My dataframe is huge with 61 stations and 12 months for a timeseries of 20 years each.
I tried several things like split
or aggregate
and ddply
but none of it worked.
At the end I would like to have a new data frame like to following:
Station Month Valuemean
ARO 1 52
ARO 2 66.5
ARO 3 78.5
ANT 1 83.5
ANT 2 118.5
ANT 3 108.5
Would be great if you have some ideas to realize it.
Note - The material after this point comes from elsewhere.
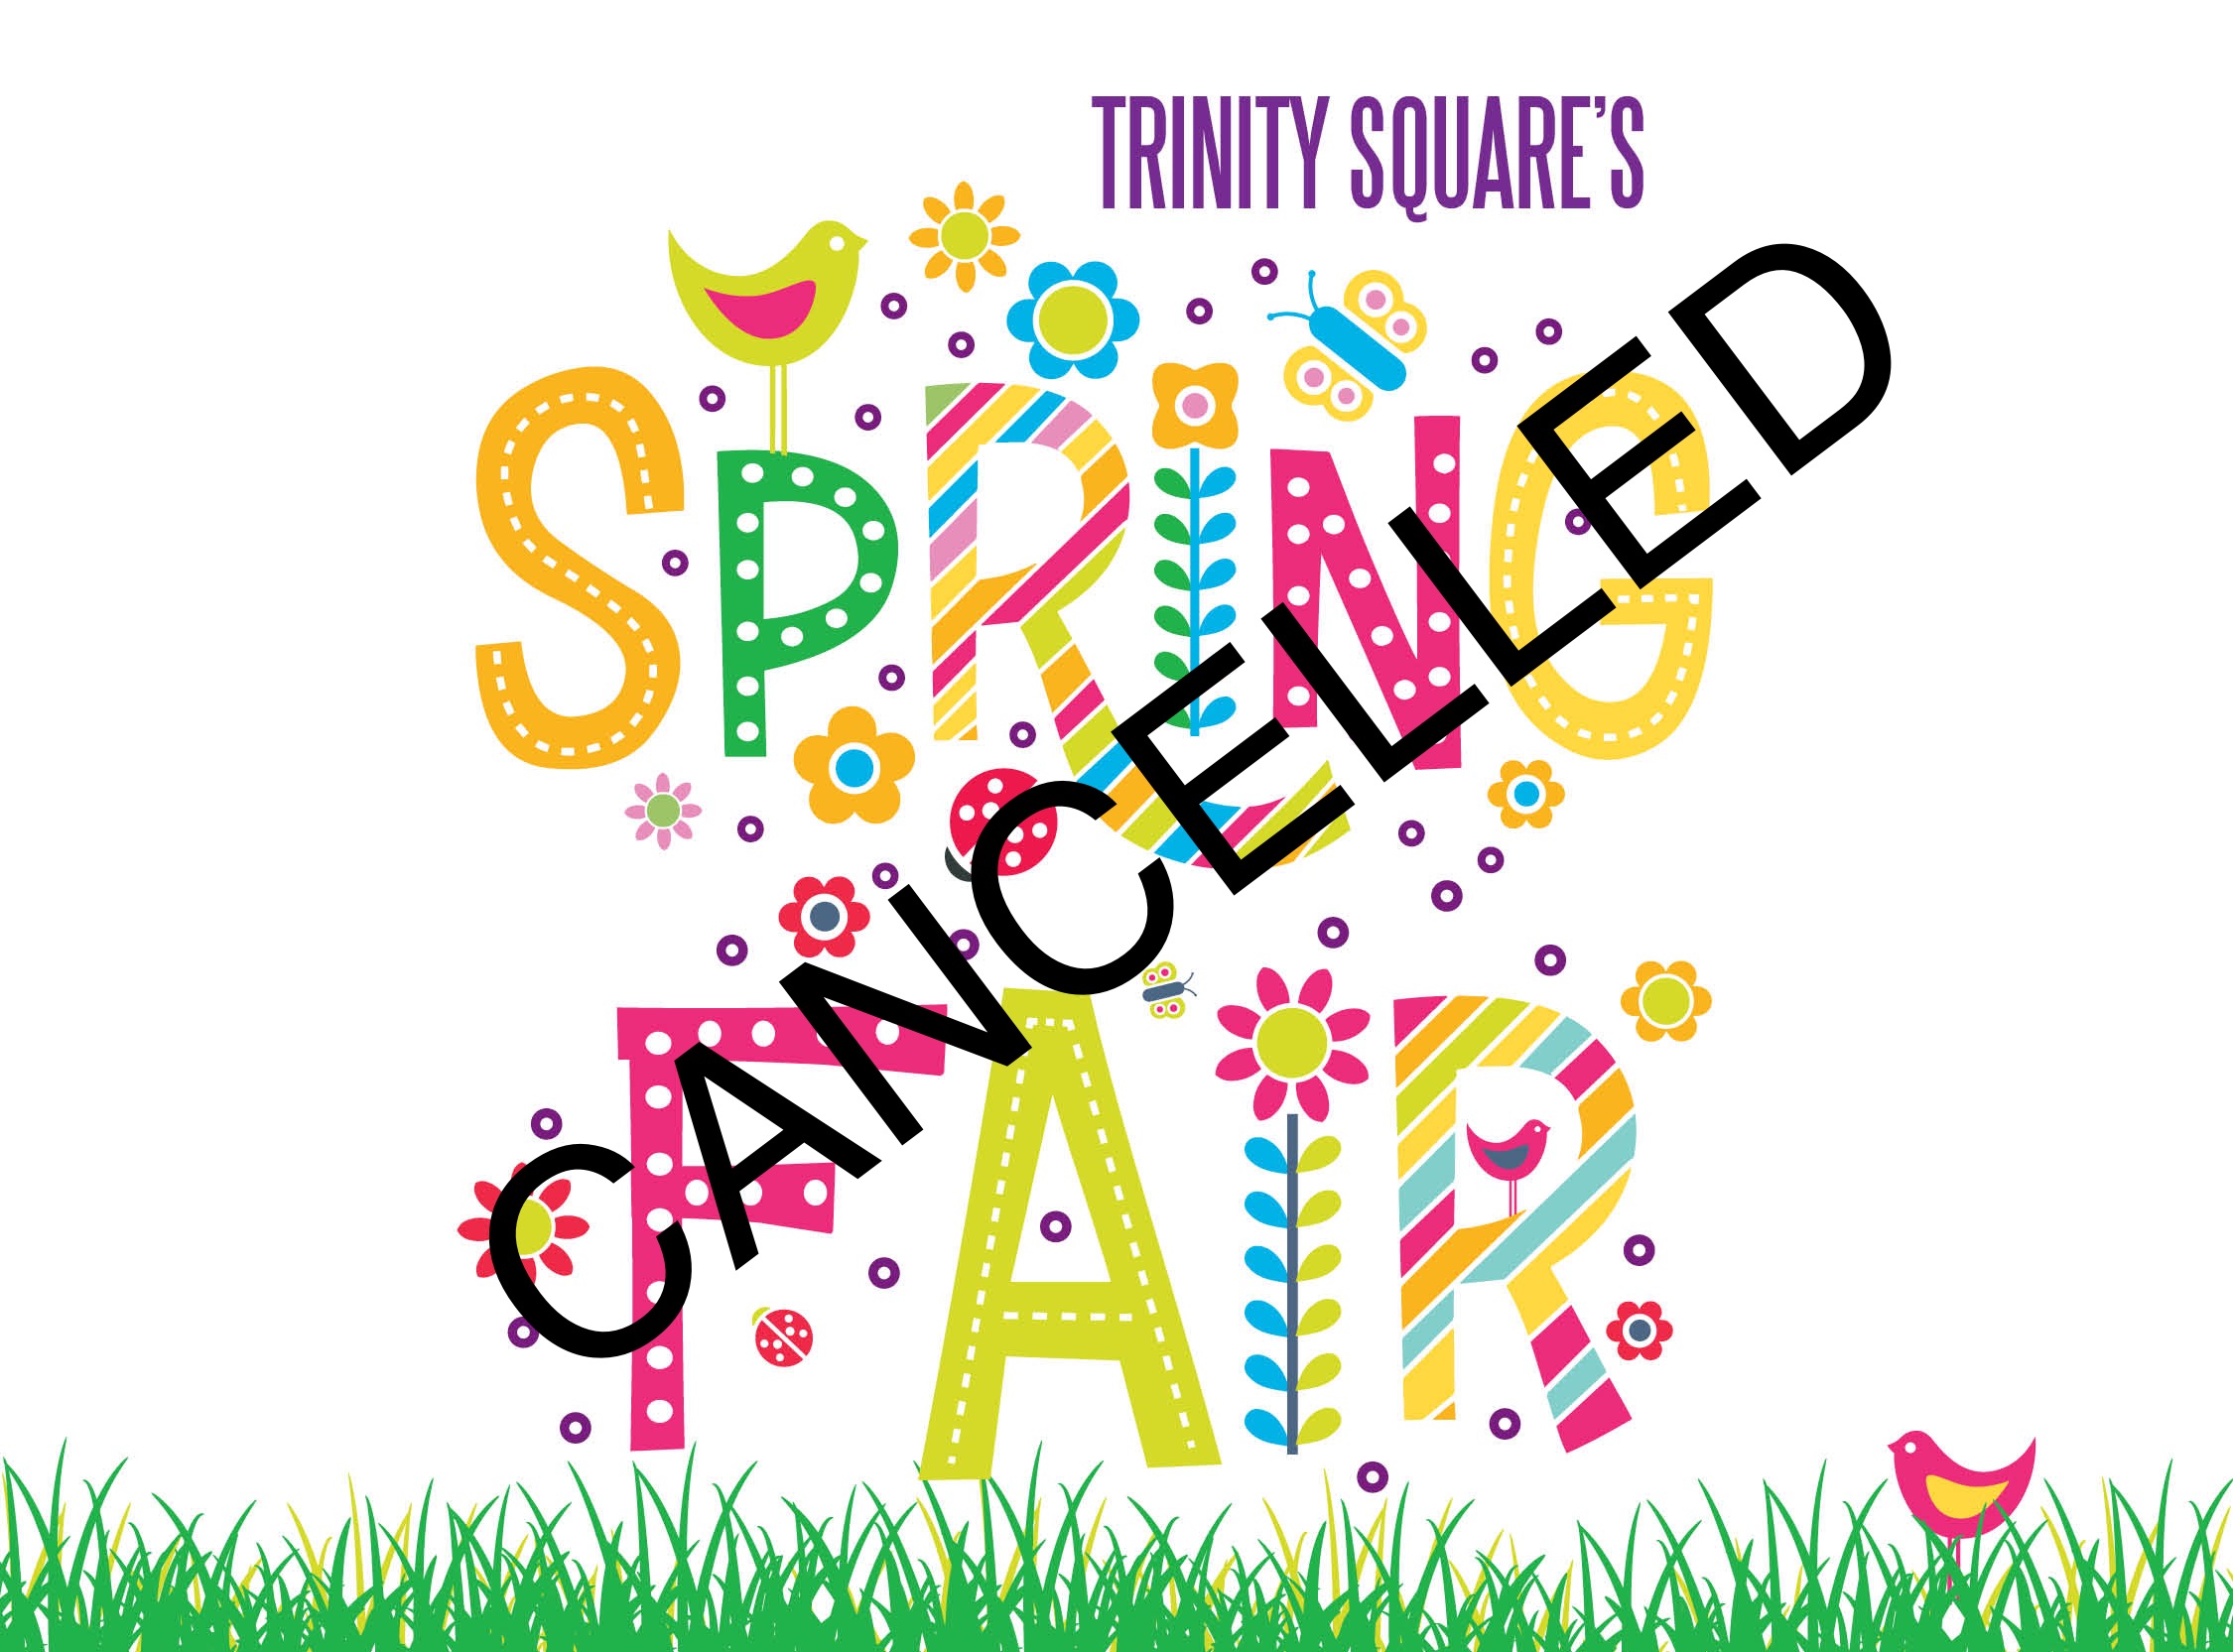 SPRING FAIR TODAY CANCELLED – SATURDAY 23RD MARCH
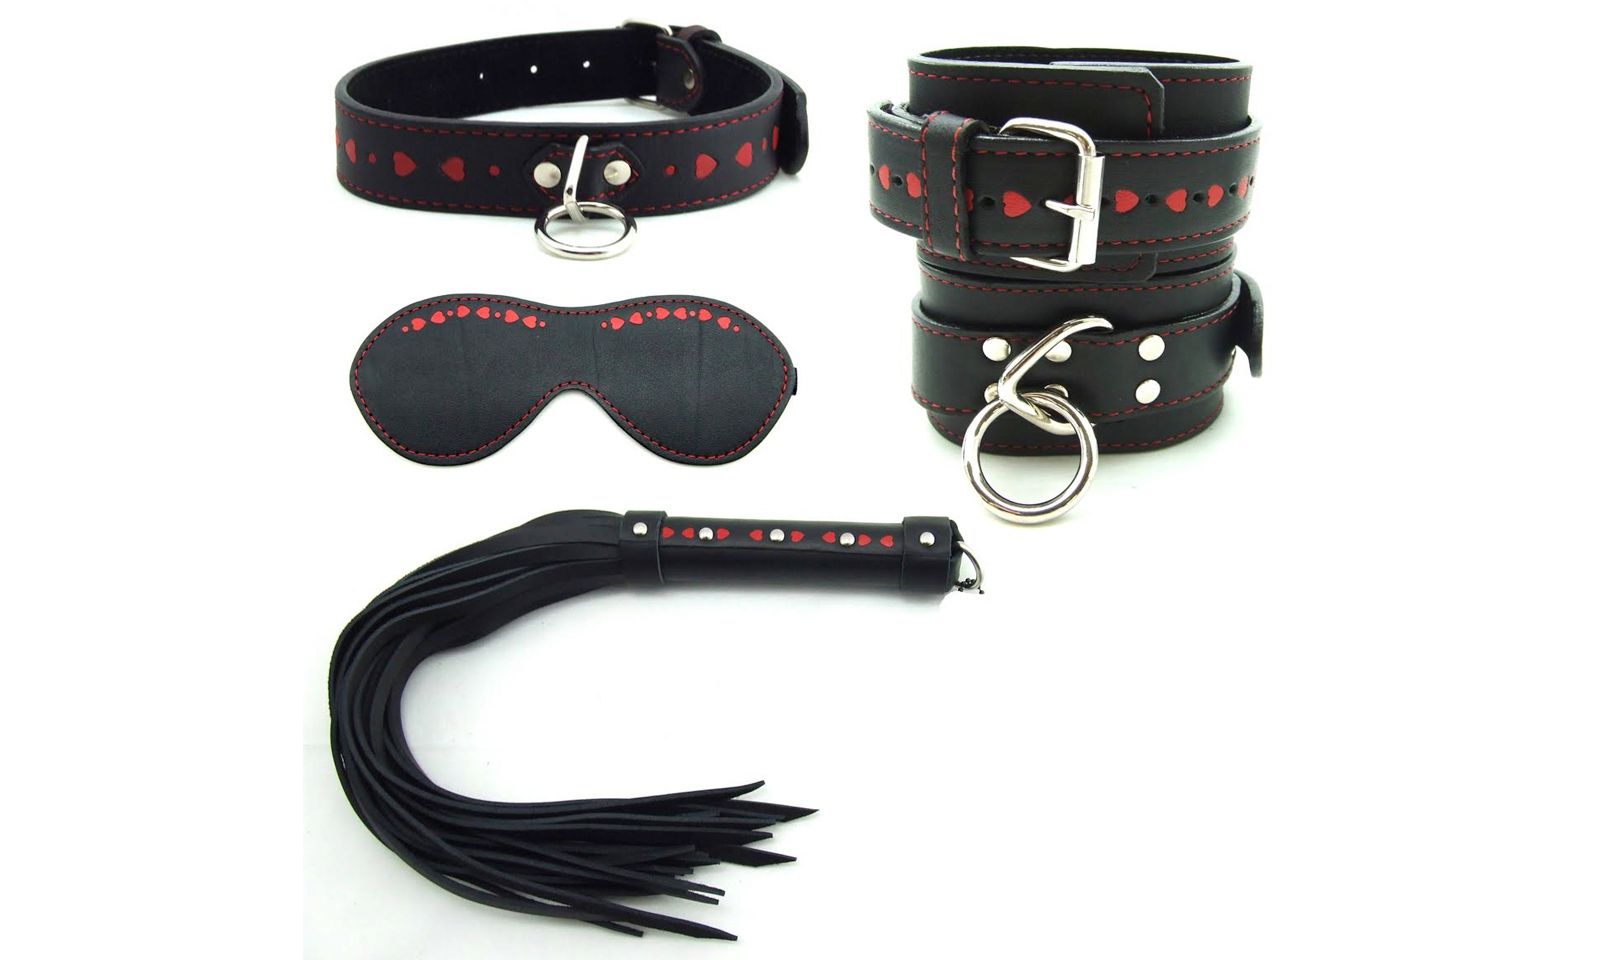 PHS International’s BDSM Accessory Collection Hearts A’fire

Thanks a lot!
PS: I'm a R beginner ;)
回答1:
assuming you data is named df
, you can try aggregate
aggregate(Value~Month+Station, data=df, FUN = mean)
Month Station Value
1 1 ANT 83.5
2 2 ANT 118.5
3 3 ANT 108.5
4 1 ARO 52.0
5 2 ARO 66.5
6 3 ARO 78.5
回答2:
You can use data.table
package:
library(data.table)
setDT(df)[,mean(Value), by=list(Month, Station)]
回答3:
Using the dplyr package, if your data.frame is called dat
:
library(dplyr)
means <- dat %>%
group_by(Station, Month) %>%
summarise(Valuemean = mean(Value, na.rm = TRUE))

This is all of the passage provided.